Company sells UK brands to Alteri Partners.

Furniture

Nobia divests UK operations and launches SEK 1,500m rights issue to reinforce Nordic focus

Nobia divests UK operations and launches SEK 1,500m rights issue to reinforce Nordic focus

Image: Nobia

 

Nobia has entered into an agreement to divest its UK operations to funds managed by Alteri Partners LLP. The transaction includes all Nobia UK legal entities, covering the Magnet, Gower, Commodore and CIE brands, according to Nobia AB.

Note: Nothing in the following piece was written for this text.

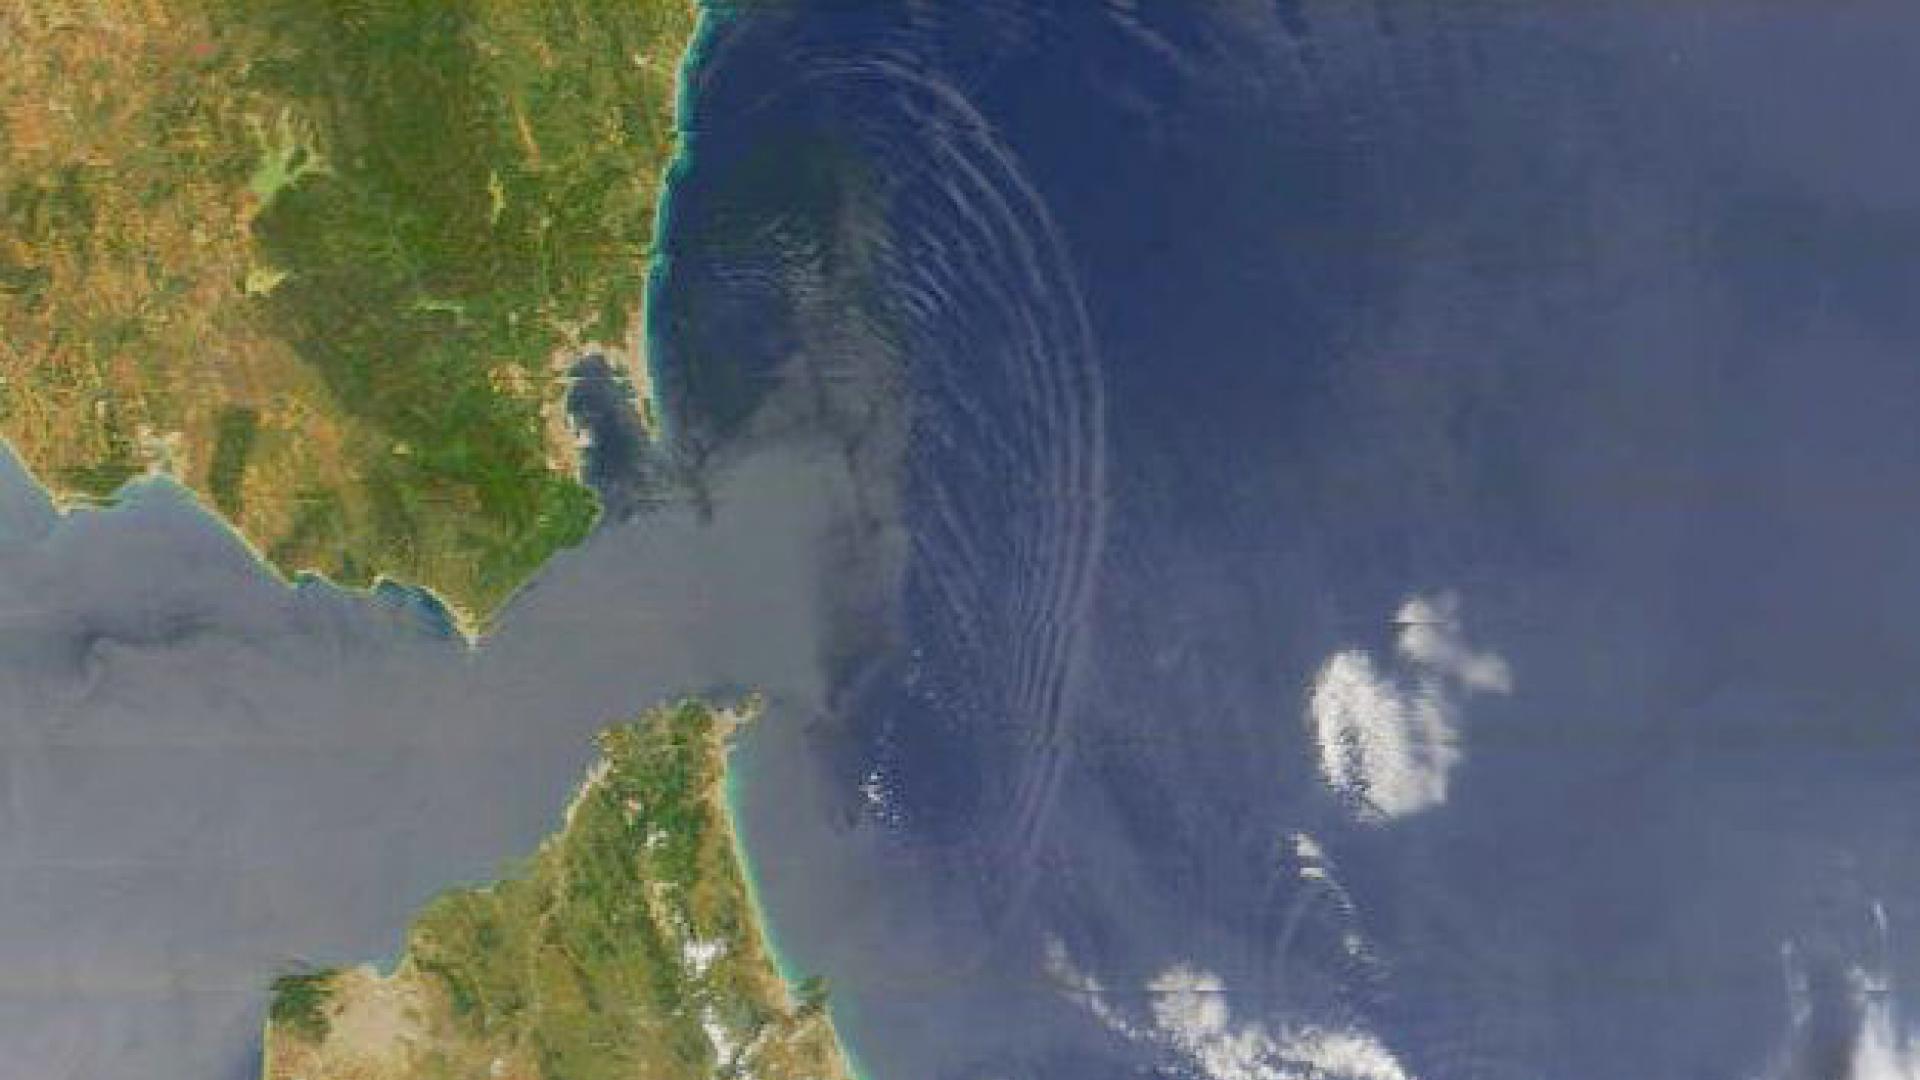 Internal Waves in the Eastern Strait of Gibraltar

The sale follows weak profitability in the UK and is driven by the company’s strategy to focus on markets with stronger margins and operational synergies. Nobia cites challenging UK market conditions after Brexit and the COVID-19 pandemic, which increased investment needs in its store network. Concentrating on the Nordic markets allows the Group to leverage its new automated Nobia Park facility in Sweden for greater efficiency and profitability.
 The factory, opened in October 2025, replaces the Tidaholm plant and integrates part of the Danish supply chain, while the Nastola factory in Finland has been closed. Nobia Park increases automation and efficiency for products sold primarily in Sweden and Norway.

Region UK reported net sales of SEK 4,363m and an operating loss of SEK 108m for the twelve months ending 30 September 2025. At the time of closing, no purchase price will be paid. The buyer will assume obligations related to the leased retail network amounting to SEK 746m under IFRS 16. Nobia will retain the UK defined benefit pension plan, valued at a net asset of SEK 80m.

Nobia stated that challenging UK market conditions following Brexit and the COVID-19 pandemic required significant investment in its store network, leading to structurally weaker profitability compared with its Nordic business. The company’s strategy now centres on higher-margin Nordic operations and leveraging its new automated manufacturing base.

Assets and liabilities related to the UK operations will be reclassified as held for sale in Nobia’s 2025 year-end report, resulting in a non-cash impairment of approximately SEK 750m. The transaction is expected to be completed during the first half of 2026, subject to regulatory approvals.

The fourth quarter of 2025 will include items affecting comparability of about SEK 100m, mainly linked to the divestment and restructuring initiatives. These initiatives are expected to generate annual cost savings of SEK 80m from the third quarter of 2026.

Nobia excluding the UK generated net sales of SEK 5,626m and EBIT of SEK 311m in the twelve months ending 30 September 2025, corresponding to a 5.5% EBIT margin. Between 2015 and 2025, the EBIT margin excluding the UK peaked at 12.6% in 2017 and declined to 5.5% in the latest period, based on Nobia’s proforma financials.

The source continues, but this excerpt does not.